DIRECTIONS FOR THIS TASK:
Given the records underneath, please repeat exactly the lines from the line with "The North Face" through the line with "Hairstyles For Little Girls Step By Step", passing over any picture.

DATA FOR ANALYSIS:
--------------------

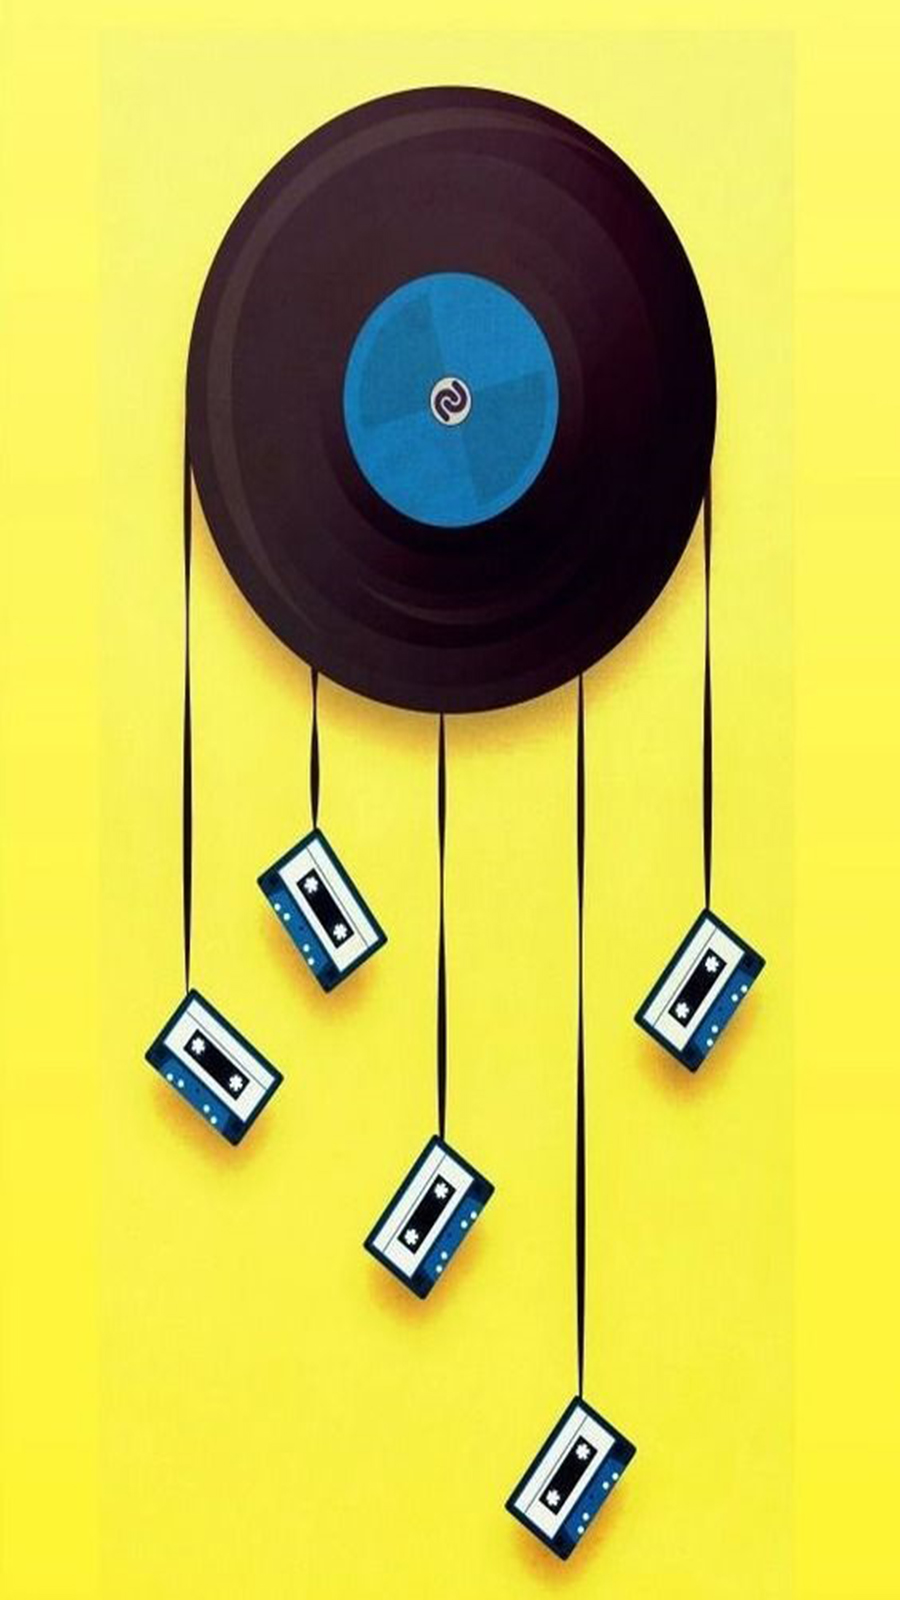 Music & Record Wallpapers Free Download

--------------------

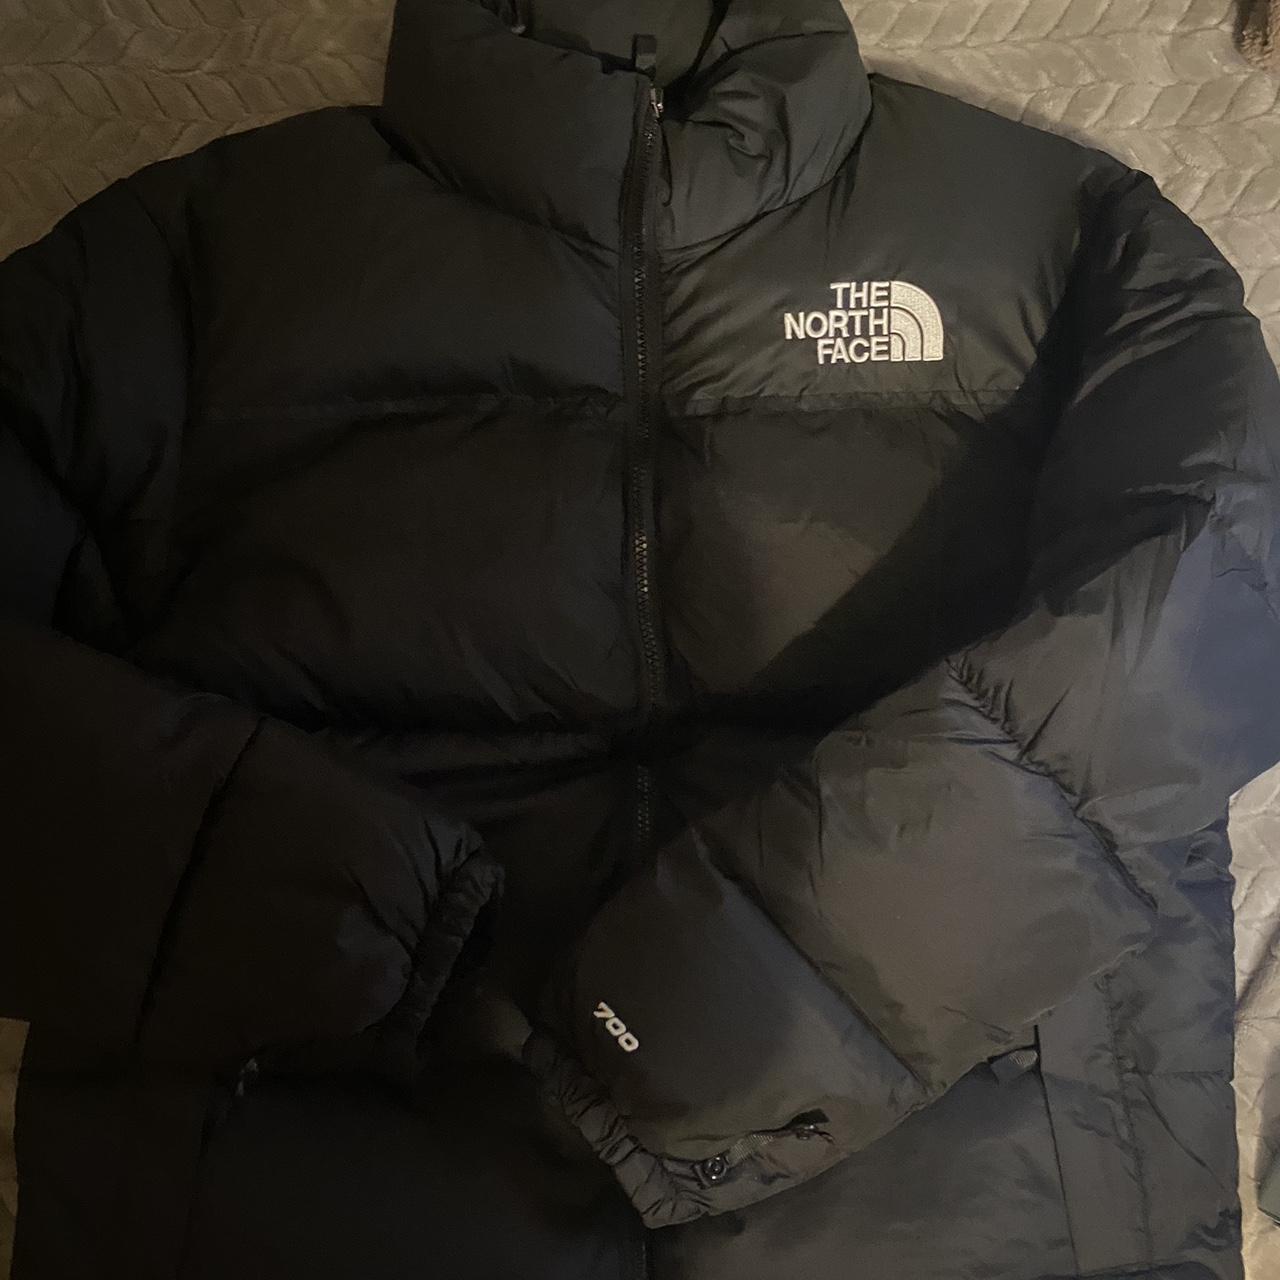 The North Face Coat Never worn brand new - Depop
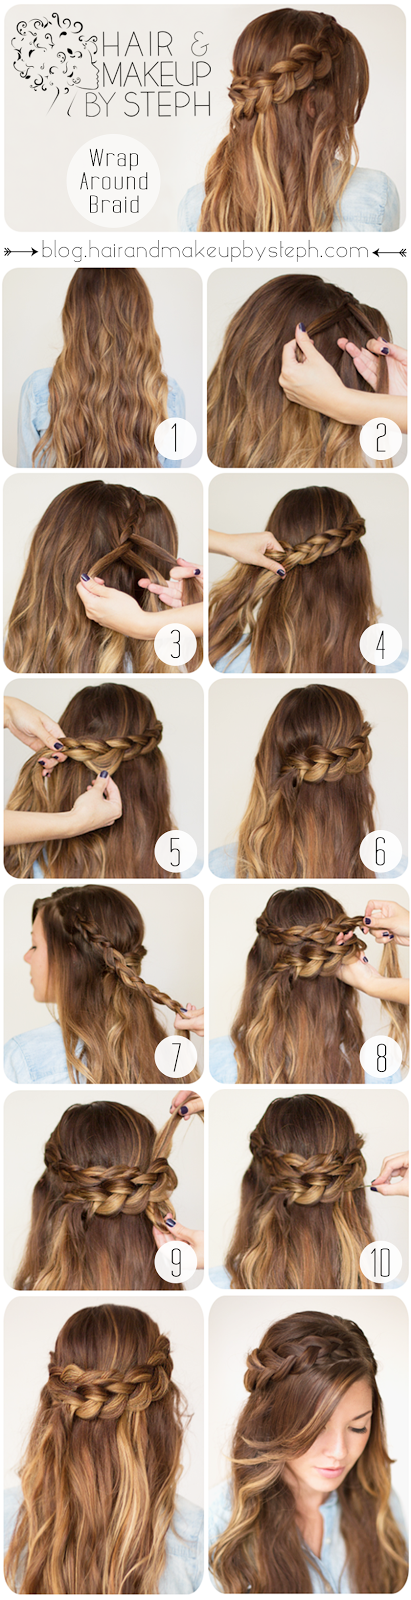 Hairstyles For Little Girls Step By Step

--------------------

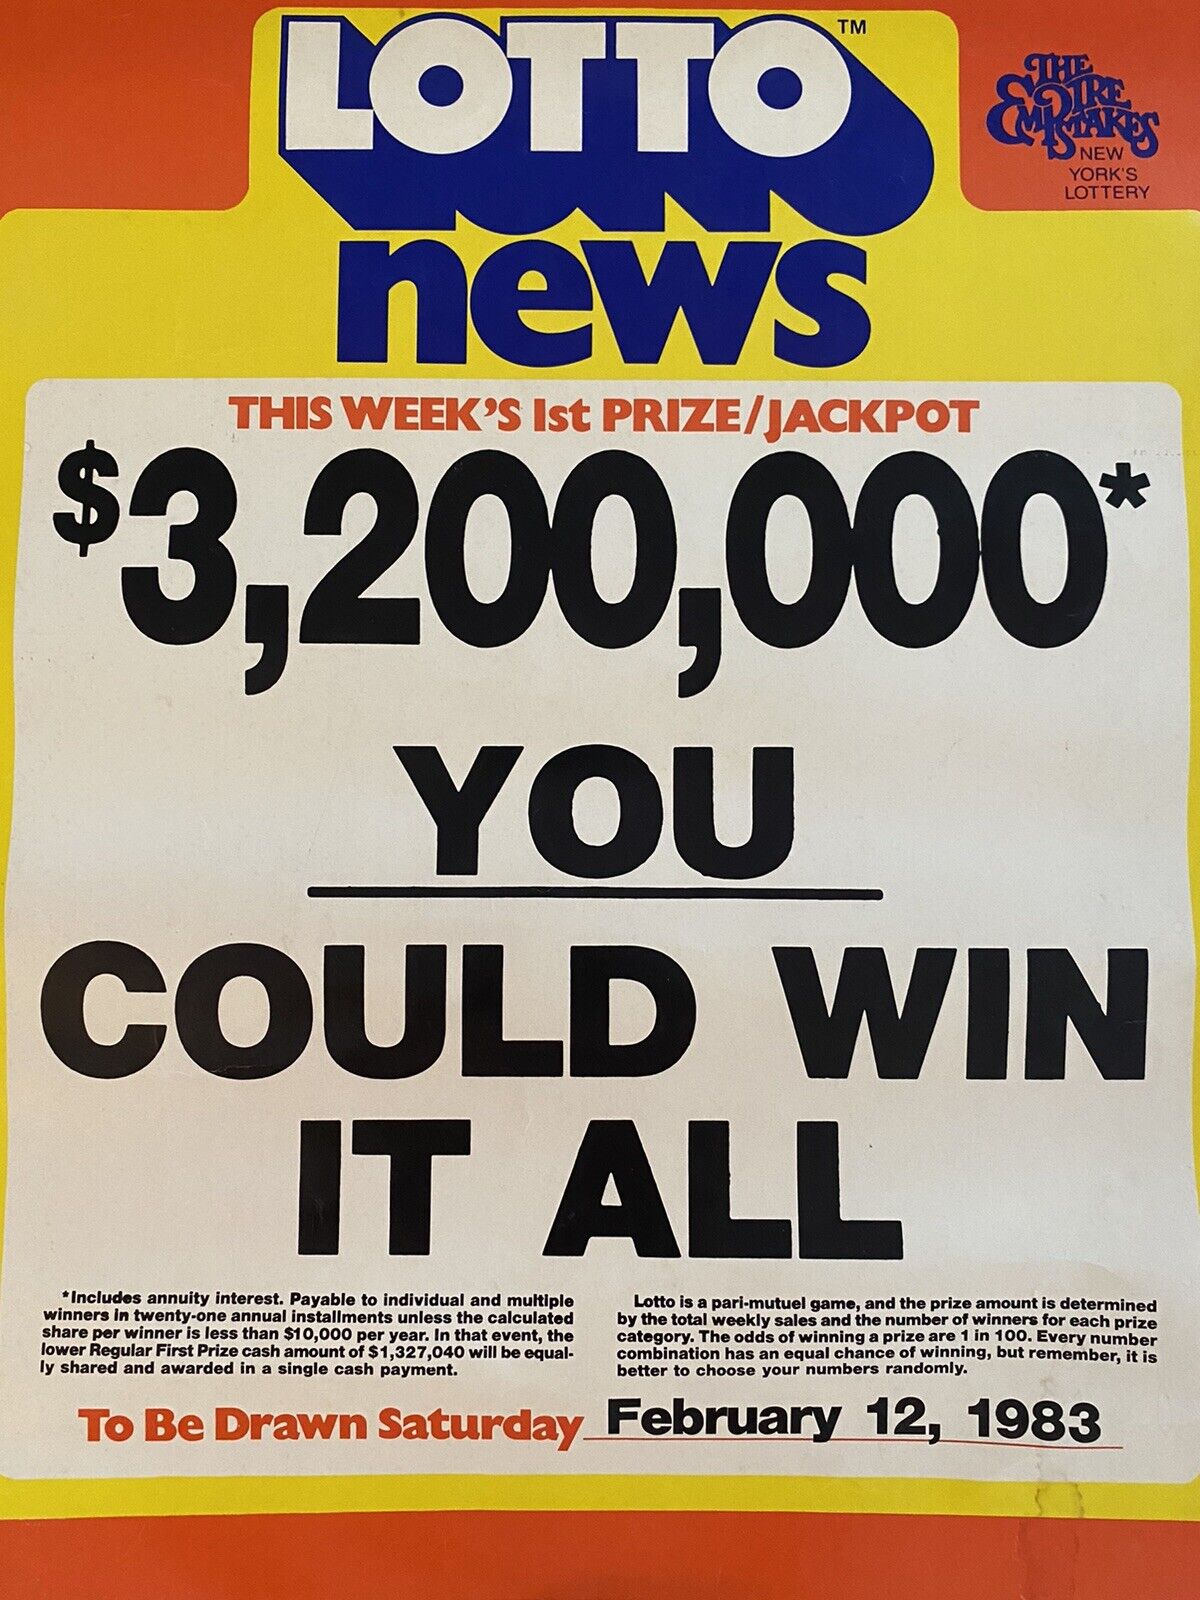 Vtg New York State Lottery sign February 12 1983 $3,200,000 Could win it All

--------------------

RESPONSE BOX:
 The North Face Coat Never worn brand new - Depop
 Hairstyles For Little Girls Step By Step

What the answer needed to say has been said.